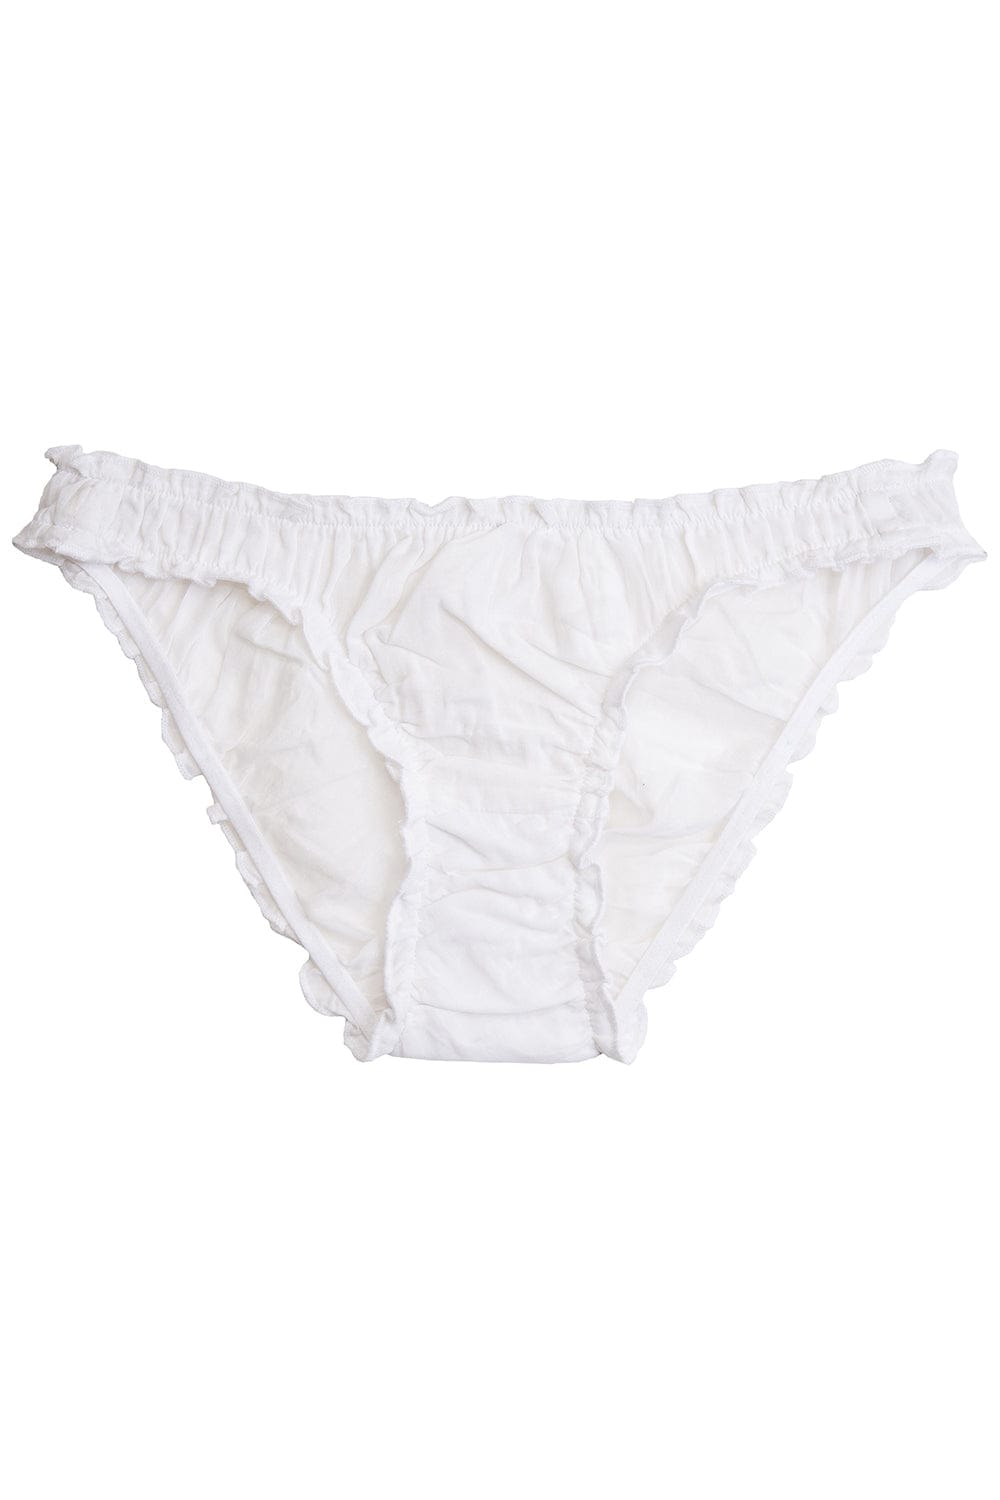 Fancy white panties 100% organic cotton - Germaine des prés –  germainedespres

---

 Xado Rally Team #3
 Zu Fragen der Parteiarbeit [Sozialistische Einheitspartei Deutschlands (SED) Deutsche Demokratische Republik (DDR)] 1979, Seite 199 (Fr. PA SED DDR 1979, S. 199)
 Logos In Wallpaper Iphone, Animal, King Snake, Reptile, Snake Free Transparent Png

#### About this exercise
Your answer should consist of the lines from the line with "Xado Rally Team #3" to the line with "Logos In Wallpaper" above, repeated exactly, both ends included.

#### Answer area
 Xado Rally Team #3
 Zu Fragen der Parteiarbeit [Sozialistische Einheitspartei Deutschlands (SED) Deutsche Demokratische Republik (DDR)] 1979, Seite 199 (Fr. PA SED DDR 1979, S. 199)
 Logos In Wallpaper Iphone, Animal, King Snake, Reptile, Snake Free Transparent Png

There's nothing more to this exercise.